Here's a start....
The Bible
To put it succinctly, no other book has had such a profound effect on the way I live and behave. Not that I am a perfect Christian (no such thing), but I frame everything I do for better or worse within the concepts and teachings of this book.
The Hobbit & The Lord Of The Rings – JRR Tolkien
Outside of Bible stories, this was the first truly epic adventure story I ever heard. It seems exposure as a child goes along way towards framing people's opinions of this story, but for me it will remain one of the greatest fictional tales ever told.
All The Pretty Horses – Cormac McCarthy
The landscape, characters, dialogue, prose. McCarthy is masterful.
The Heart of The Matter – Graham Greene
A richly and beautifully told morality play. One of the first stories I read cast in a British Colonial landscape. These settings have been a draw for me ever since.
Independence Day – Richard Ford
Ford's Bascombe trilogy, is, in my opinion the greatest work by any living American author that I have read. I have never read of a more richly drawn and complex character than Frank Bascombe.
James Lee Burke – Four way toss-up between Heavens Prisoners, Burning Angel, Dixie City Jam, and Crusaders Cross.
Burke is simply the best there is in this genre. And he writes some of the best prose from any genre.
The Piano Tuner – Daniel Mason
In 1886 a humble London piano tuner accepts a commission from the department of war to travel through British India to Burma to repair a rare piano owned by a mysterious surgeon-major who is somehow using the piano to further the expansion of the British Empire.

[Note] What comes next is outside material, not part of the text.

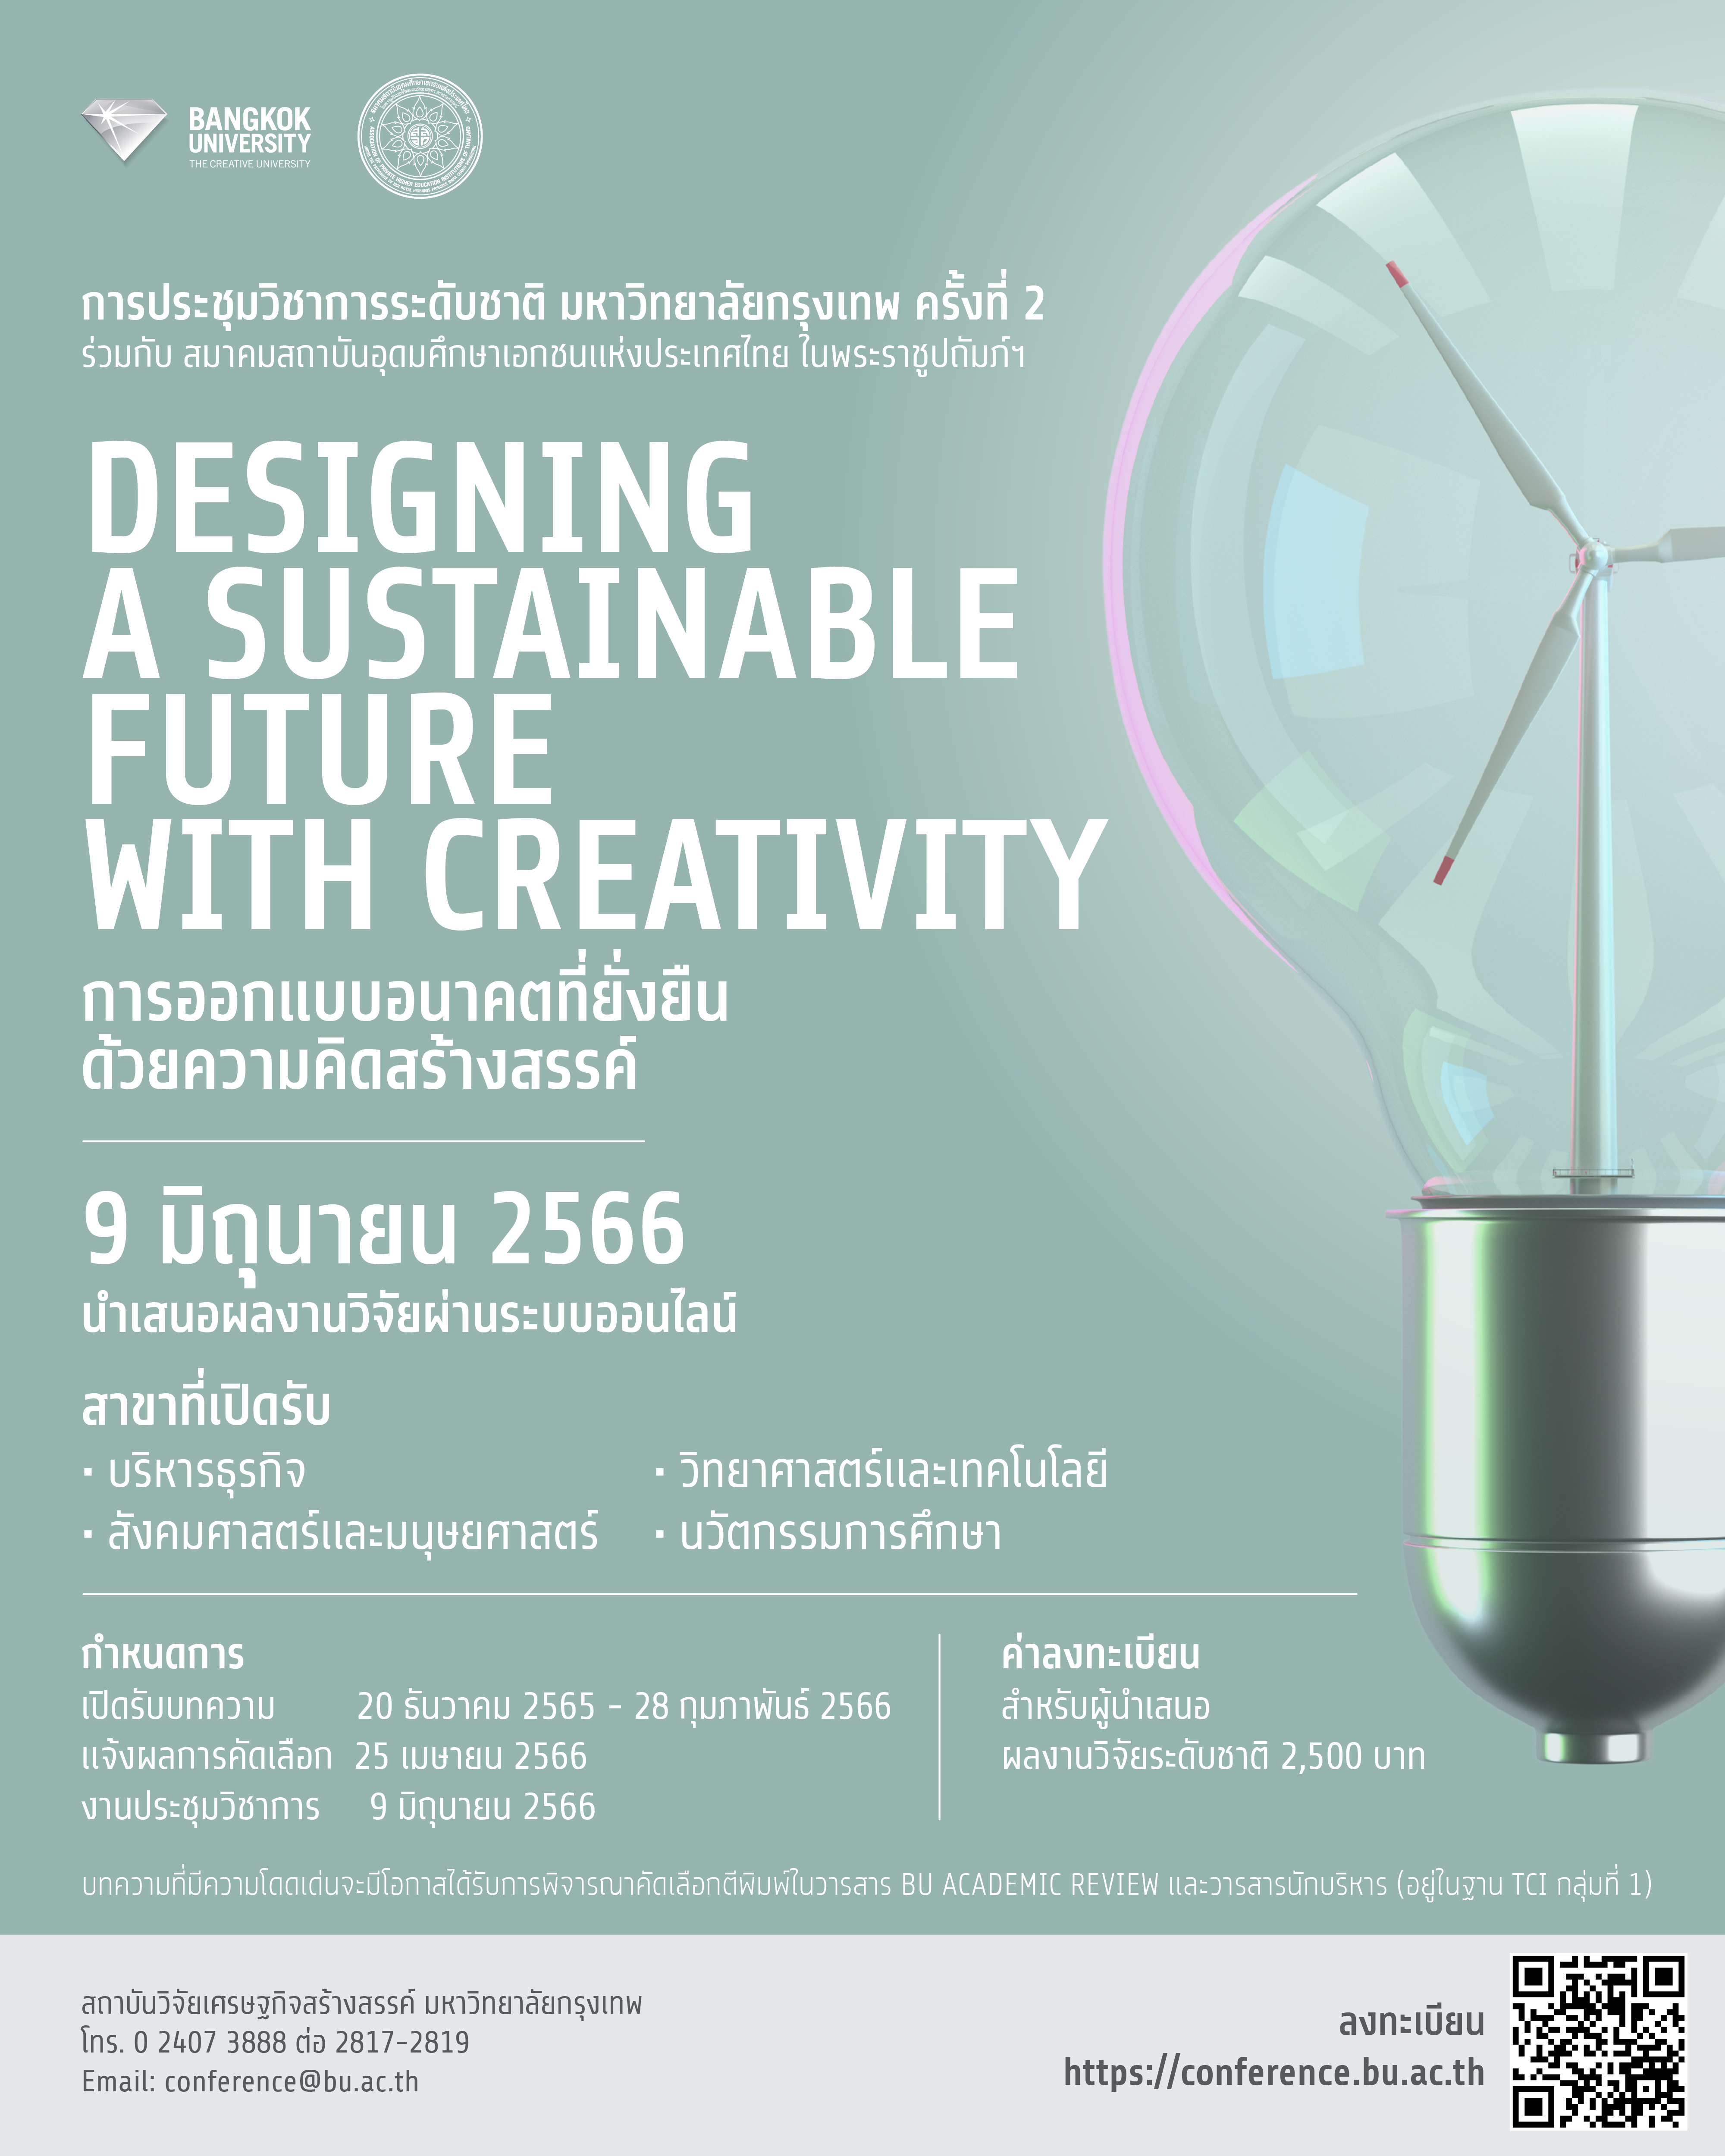 ม.กรุงเทพ การประชุมวิชาการระดับชาติ ครั้งที่ 2 "Designing a Sustainable Future with Creativity" การออกแบบอนาคตที่ยั่งยืนด้วยความคิดสร้างสรรค์

Absolutely mesmerizing prose that paints all the beautiful little scenes and interactions with magic and mystery.
Pet Cemetary – Stephen King
Transcendent because it scared the &%*# out of me when I was thirteen.
Man Child In The Promised Land – Claude Brown
The grittiest, most realistic, and most honest piece of writing I've ever read about growing up black in the Ghetto. Sad, exciting, funny, provocative, hopeful. I think it would be difficult for anyone to read it and not be changed.
Billy Lynns Long Halftime Walk – Ben Fountain
Stayed with me for a looong time after I finished it. The stream of consciousness of young Iraq war combat vet Billy Flynn is hilarious, profound, indicting, forgiving, terrified, and brave all at once.
The Things They Carried – Tim O'Brien
Wrenching, beautifully told stories from the Vietnam war. Everyone should read it.